» **Task brief**: Restate the data word for word. Leave the pictures out.

» **Data excerpt**:
━━━━━━━━━━━━━━━━

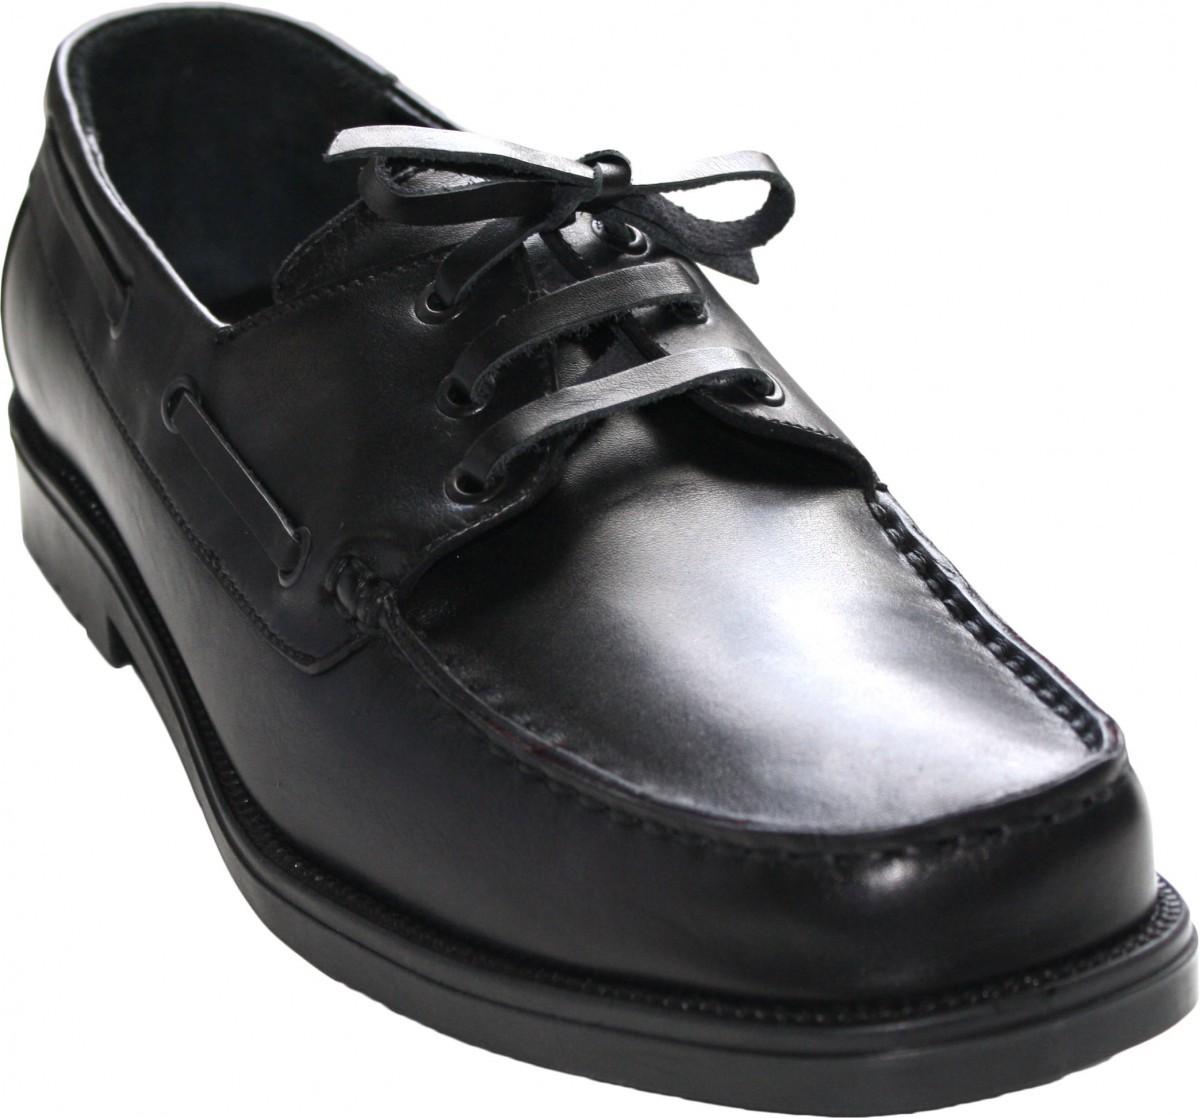 Stiefelschuhe Segelschuhe Halbschuhe aus echtleder Rindsleder Schuhe schwarz
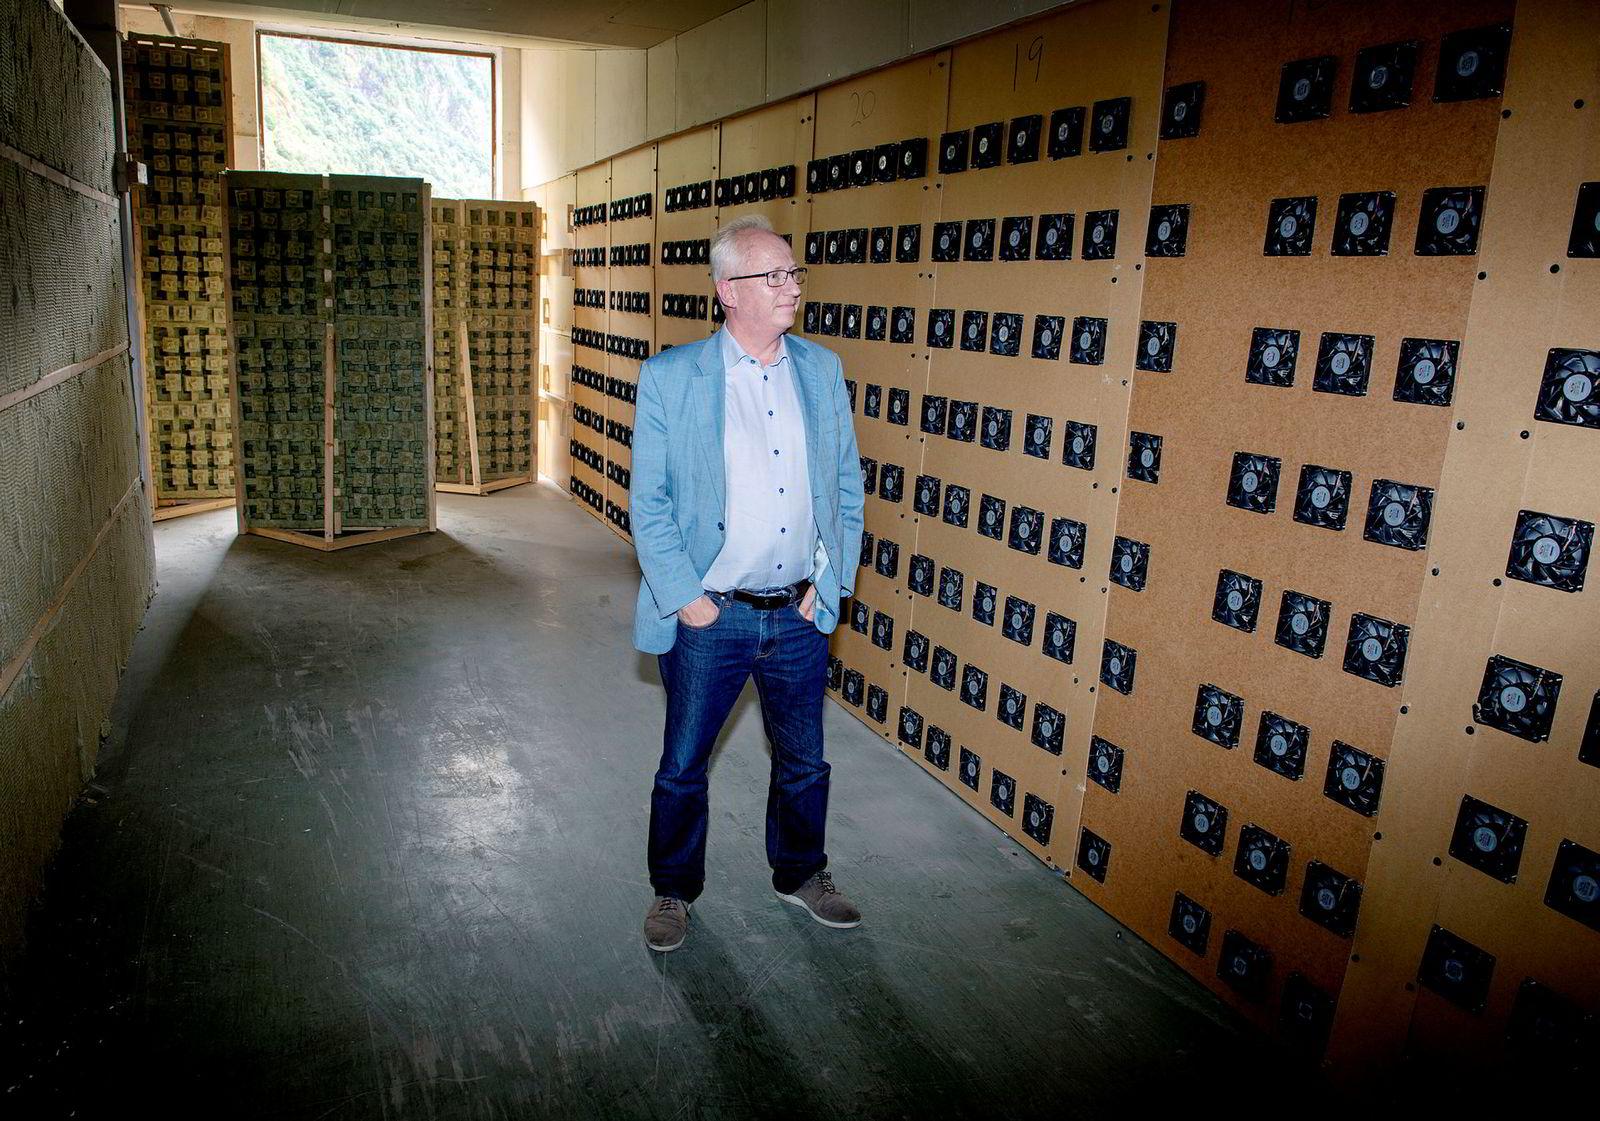 – Det er bedre at norsk strøm benyttes til datasentre i Norge enn til datasentre i Danmark, sier Gjermund Hagesæter, talsmann for Kryptovault.
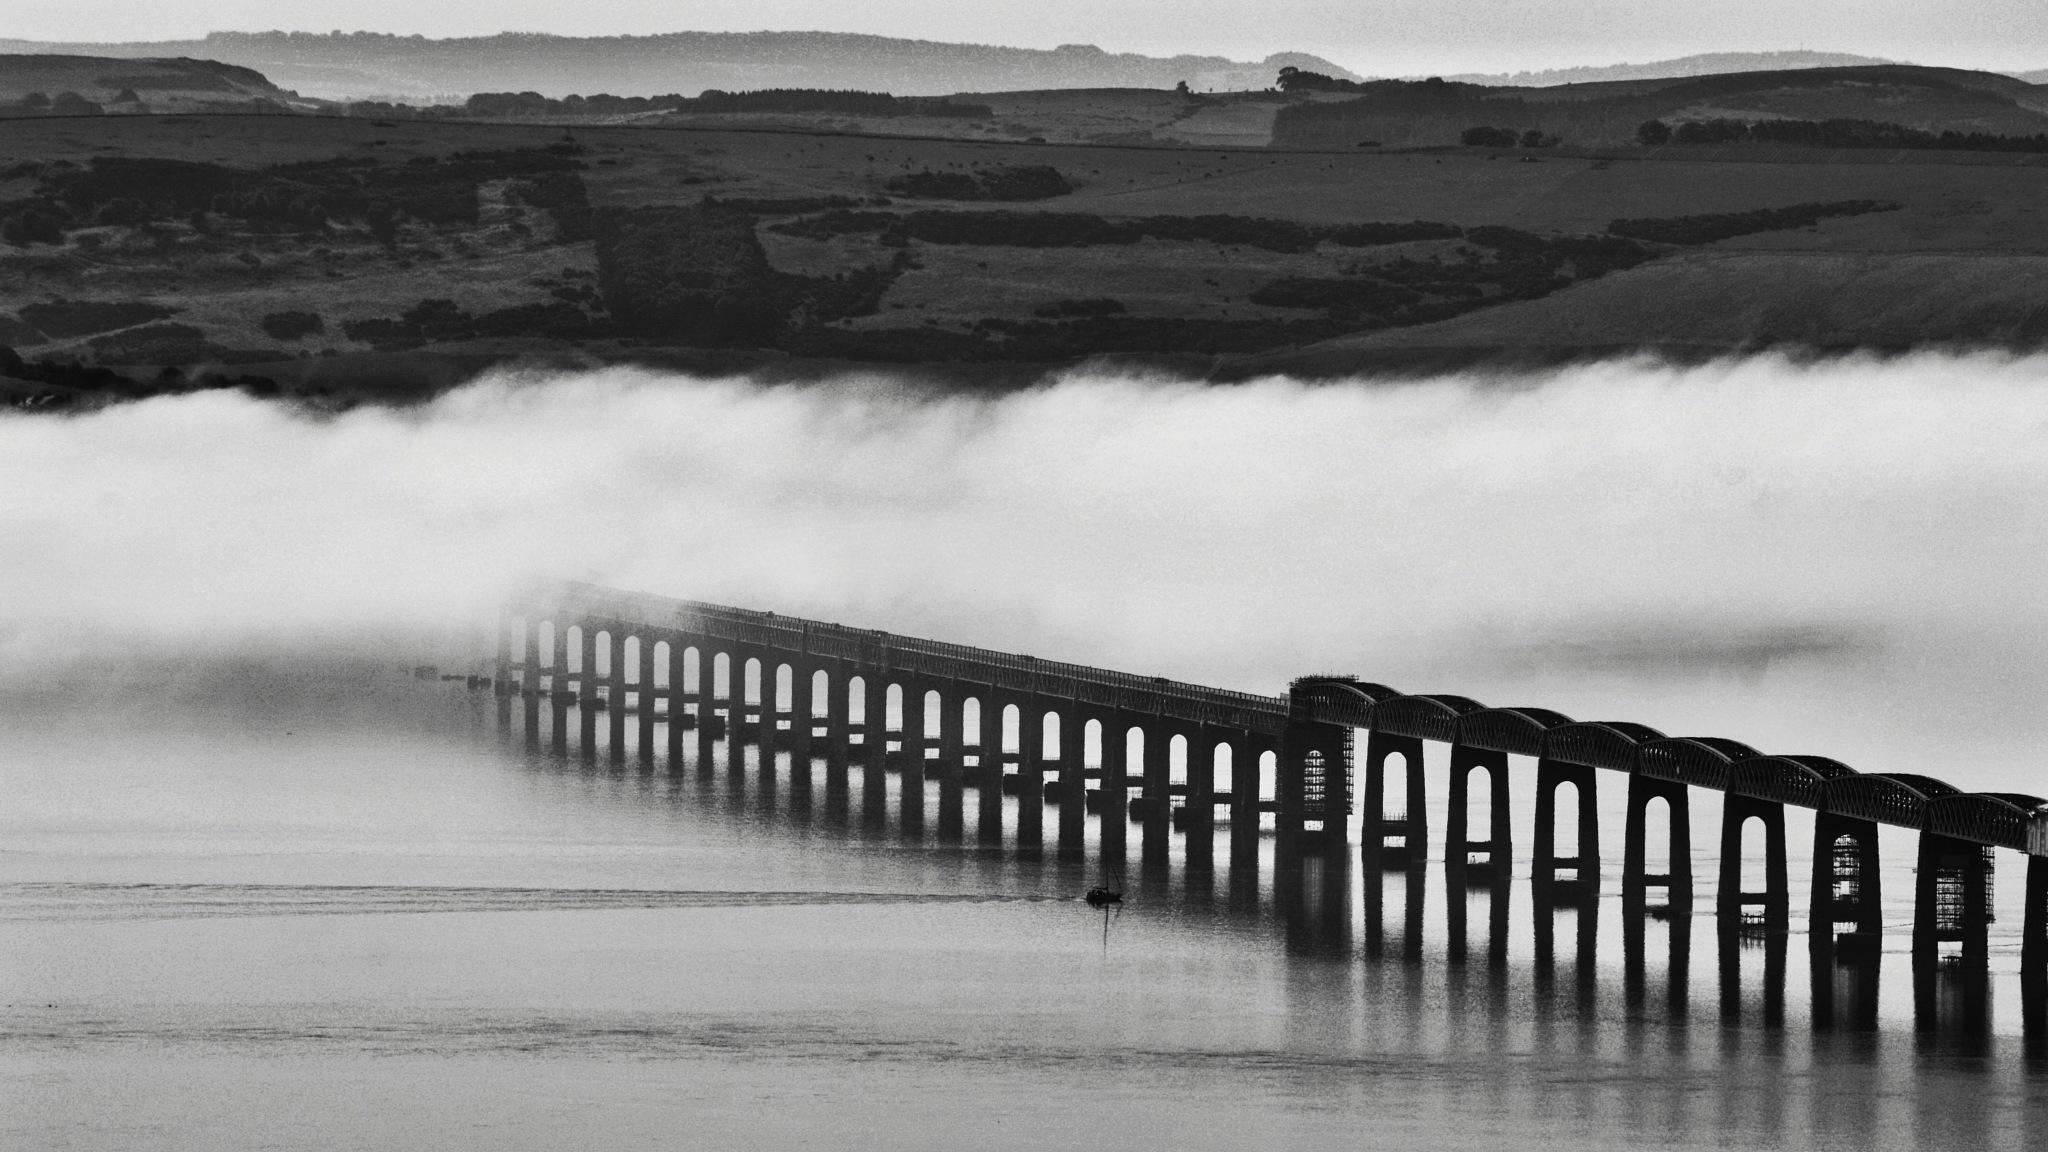 Tay Rail Bridge, Scotland  by The PhotoGrabber

━━━━━━━━━━━━━━━━

» **Exercise result**:
 Stiefelschuhe Segelschuhe Halbschuhe aus echtleder Rindsleder Schuhe schwarz
 – Det er bedre at norsk strøm benyttes til datasentre i Norge enn til datasentre i Danmark, sier Gjermund Hagesæter, talsmann for Kryptovault.
 Tay Rail Bridge, Scotland  by The PhotoGrabber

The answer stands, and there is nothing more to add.